[Given information]:
------------------------

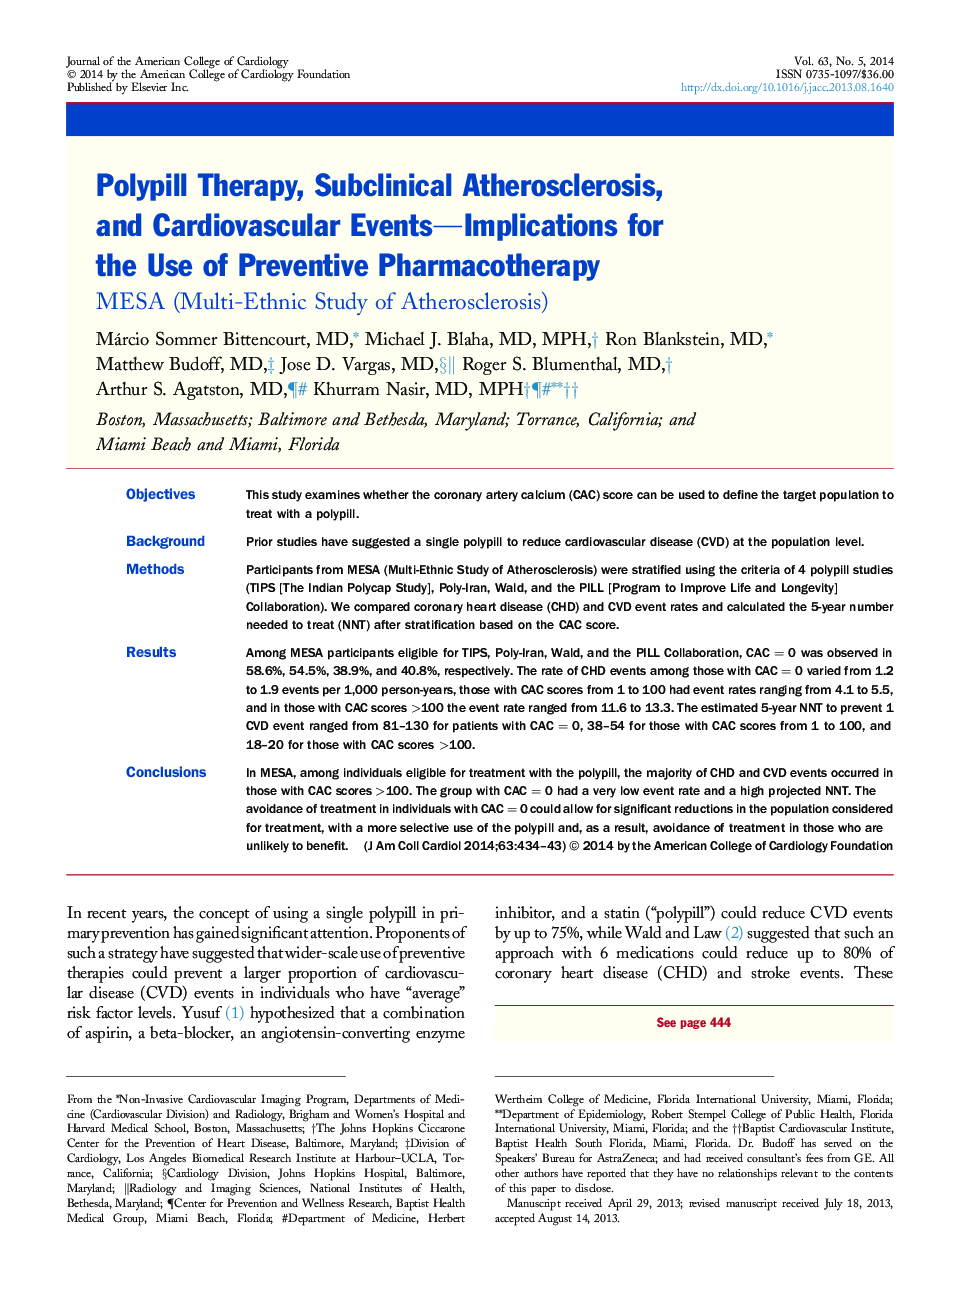 Polypill Therapy, Subclinical Atherosclerosis, and Cardiovascular Events—Implications for the Use of Preventive Pharmacotherapy : MESA (Multi-Ethnic Study of Atherosclerosis)
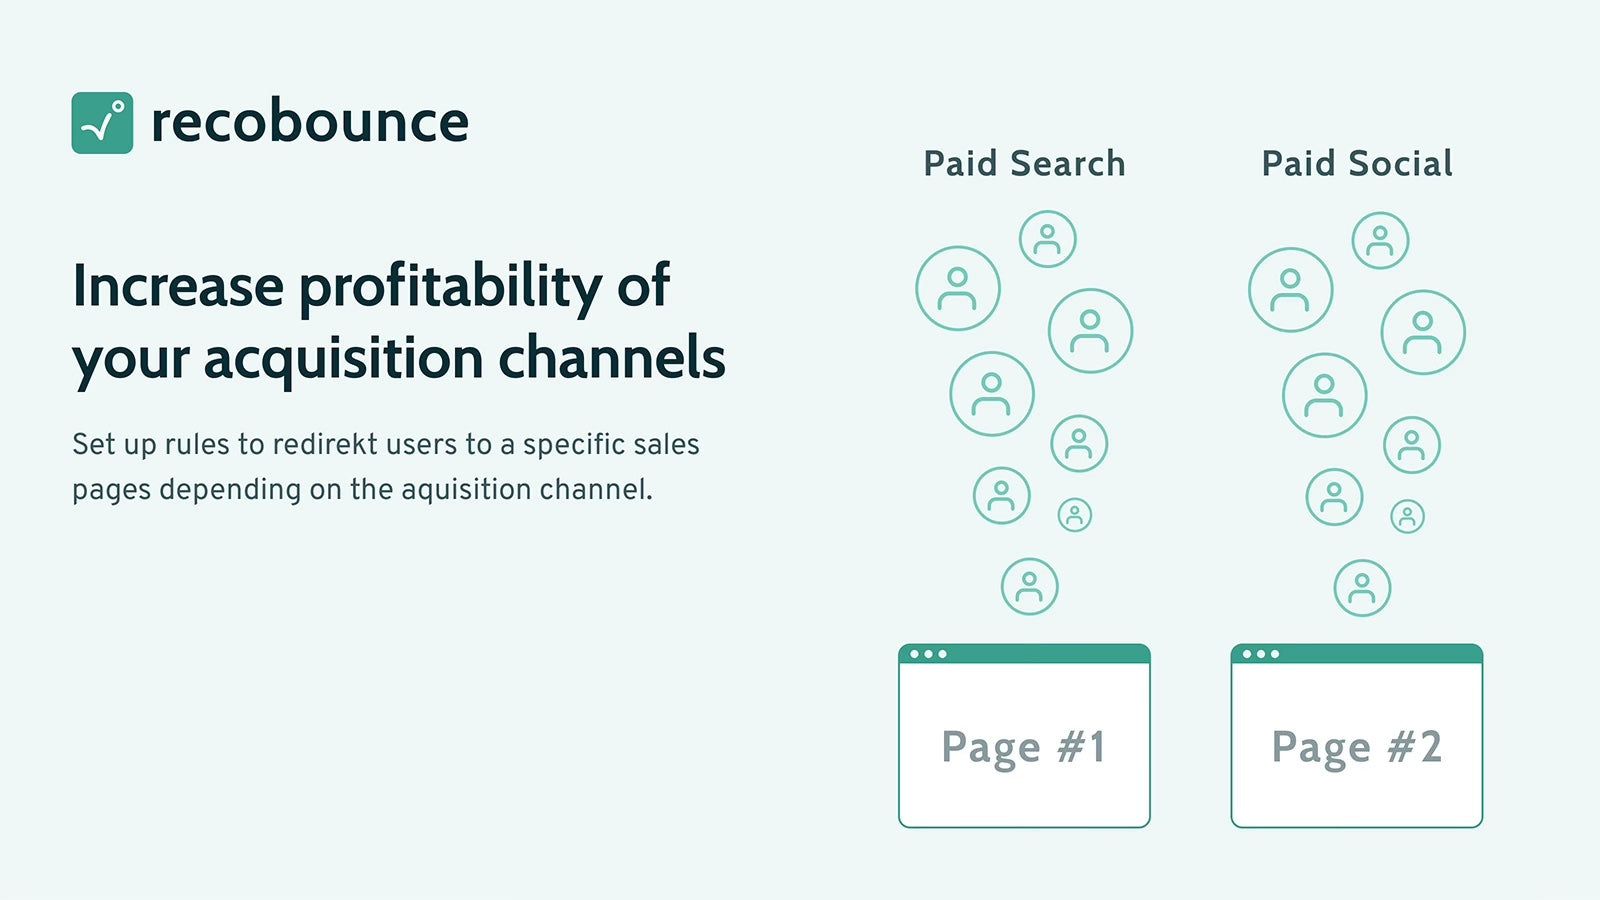 Increase profitability of your acquisition channels
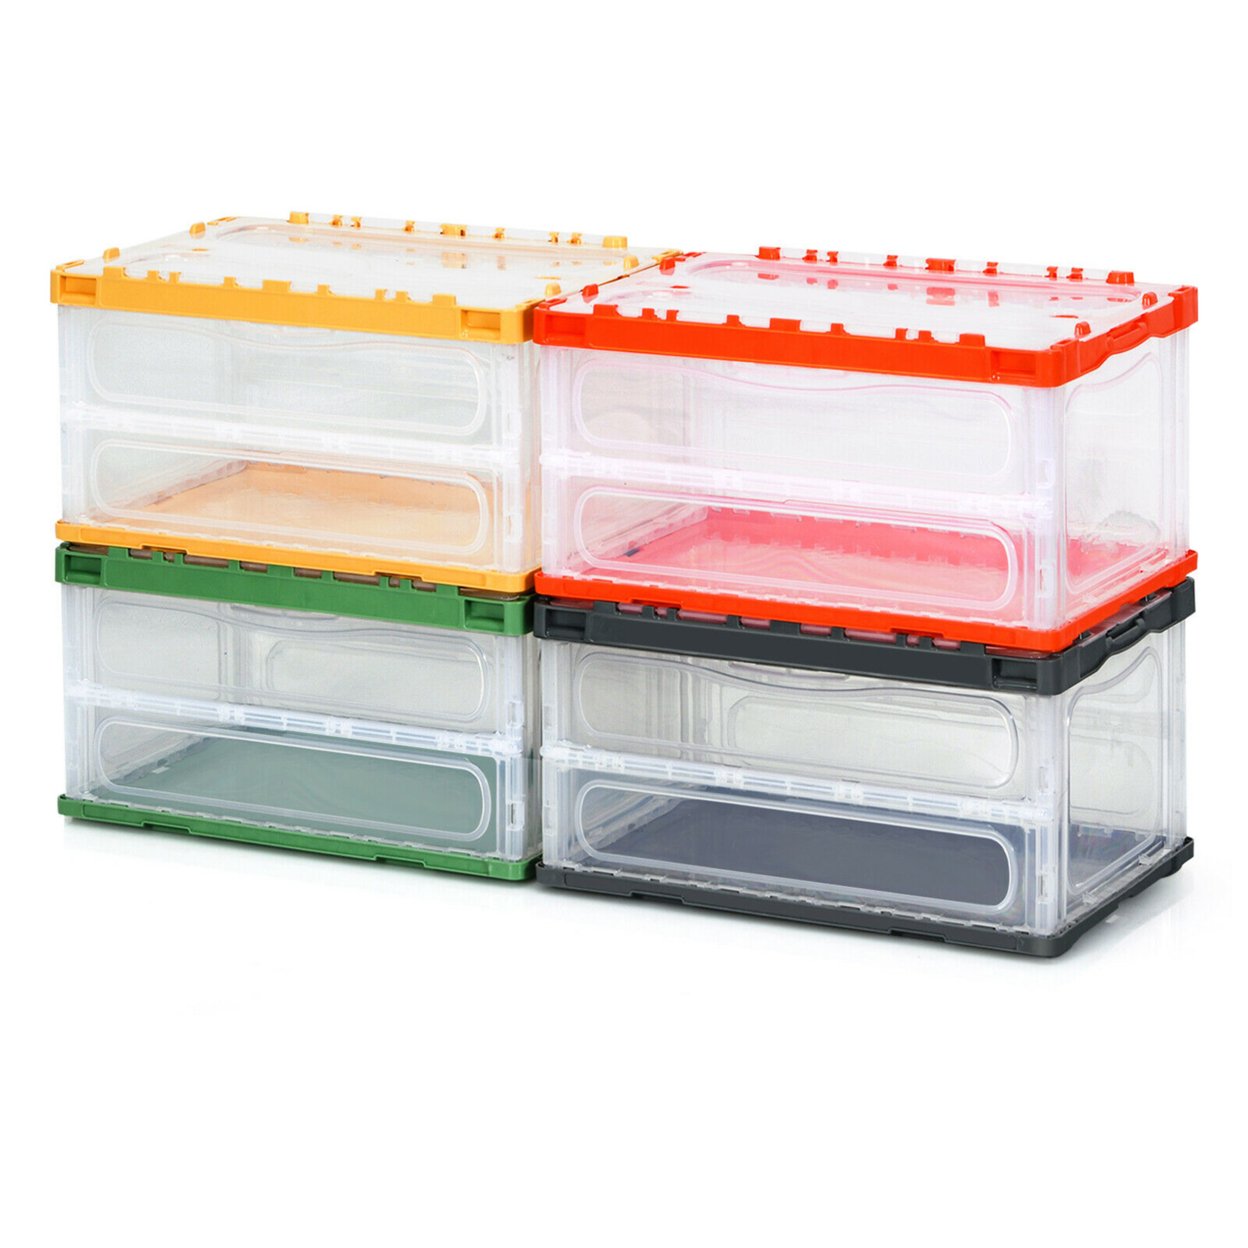 75L Collapsible Storage Bins Folding Plastic Stackable Utility Crates 4 Pack

------------------------

[Work to be completed]:
Give the listing above again in its entirety, exactly as written and free of images.

[Your response]:
 Polypill Therapy, Subclinical Atherosclerosis, and Cardiovascular Events—Implications for the Use of Preventive Pharmacotherapy : MESA (Multi-Ethnic Study of Atherosclerosis)
 Increase profitability of your acquisition channels
 75L Collapsible Storage Bins Folding Plastic Stackable Utility Crates 4 Pack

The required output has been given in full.